Maja Bajevic
Born in Sarajevo, Bosnia and Herzegovina, in 1967; she became a French citizen in 2003.
She lives and works in Paris, France.
After Maja Bajevic graduated from the Ecole nationale superieure des beaux-arts, Paris, in 1996, she began making films, video installations, audio pieces, drawings, and performances. Central to her practice are the notion of identity and the presence—if not the absence—of women within the recent and current historical context, which she consistently references. As early as 1999, Bajevic has been making films in a programmatic way: she filmed a group of Bosnian women, survivors of the 1995 massacre and expulsions in Srebrenica, as they were working on an immense embroidered tarpaulin to be hung on the facade of the National Gallery of Bosnia and Herzegovina in Sarajevo. By occupying a space in reconstruction, the artist transposes a typically feminine and domestic practice to a public place wounded by conflict.
In all of Bajevic’s work, especially her videos, we can see the element of collective performance and the notion of labor—whether social, manual, or artistic. The artist has recently introduced text into her works, as in her installations To be continued (2011) and We are the last ones of yesterday, but the first ones of tomorrow (2014), in particular through the use of slogans borrowed from the twentieth century and represented in such forms as archives, neon lights, sounds, and projections.

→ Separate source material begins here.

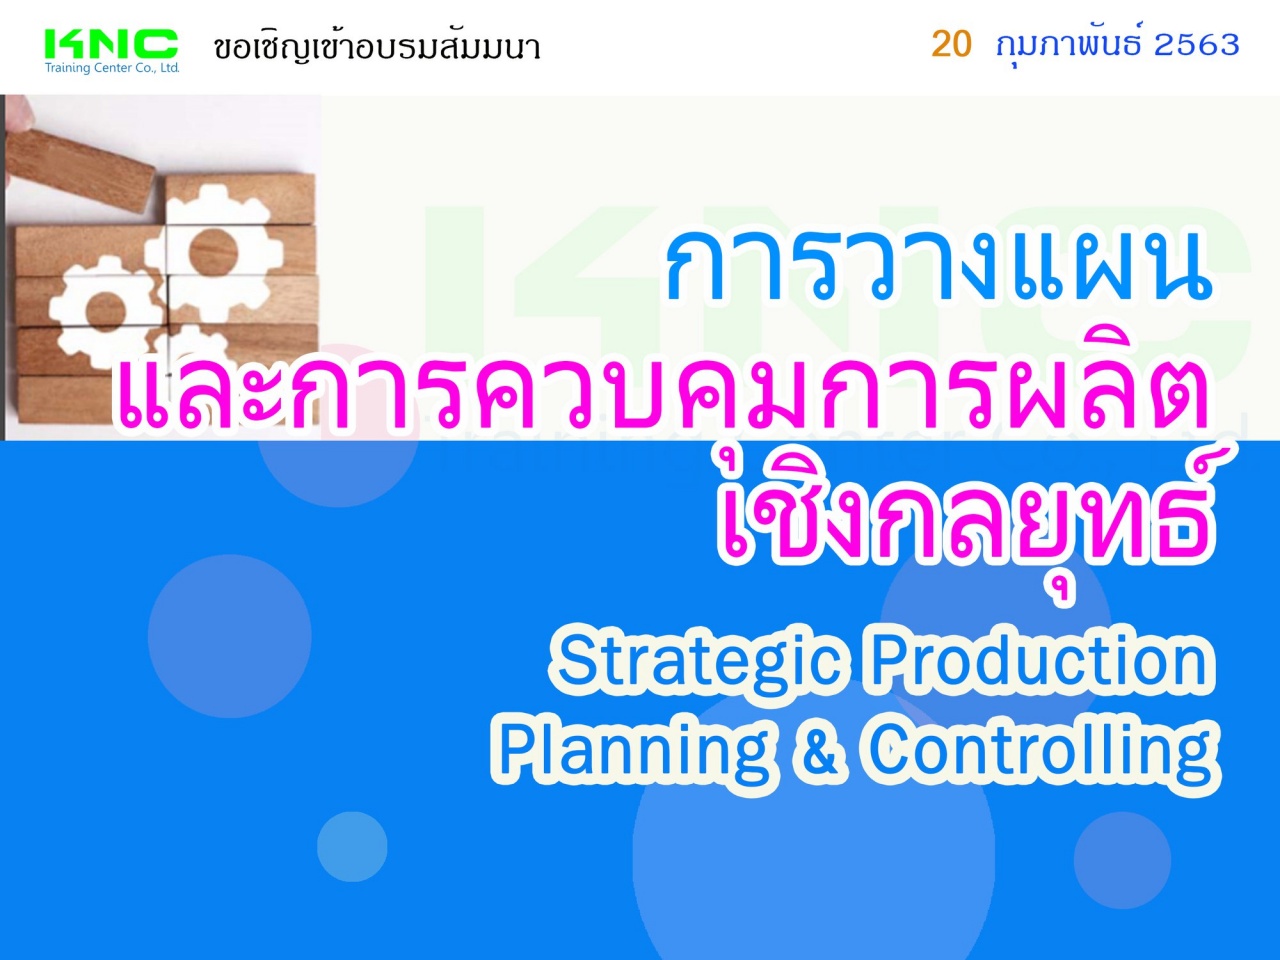 การวางแผนและการควบคุมการผลิตเชิงกลยุทธ์ (Strategic Production Planning & Controlling)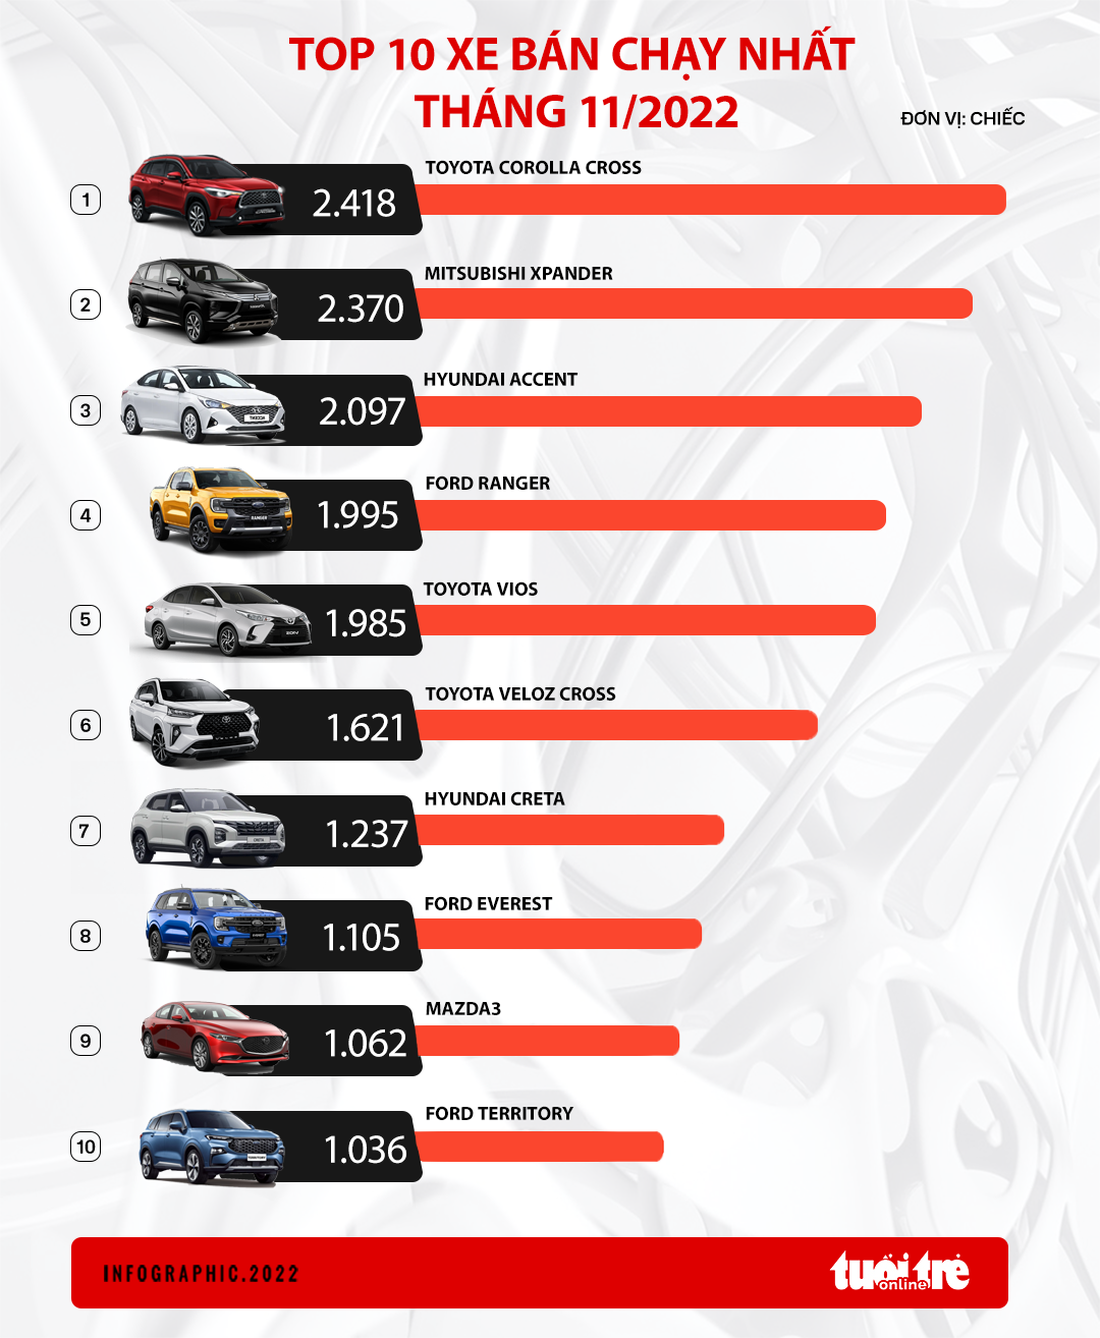 10 mẫu ô tô bán chạy nhất tháng 11: Ford Territory lần đầu vào top, Kia không có xe nào - Ảnh 1.

For the Biennale di Venezia, Bajevic presents a new work, The Unbelievable Lightness of Being, aiming to revive some traditional habits and practices as a last shield against the increasing homogenization in this era of globalization. In this work, she brings together the improbable encounter between ancestral practices, such as Bosnian embroidery, and the interconnected fluctuation of stock market indexes around the world. How does one translate material and immaterial? What value do we place on craftsmanship and other manual skills?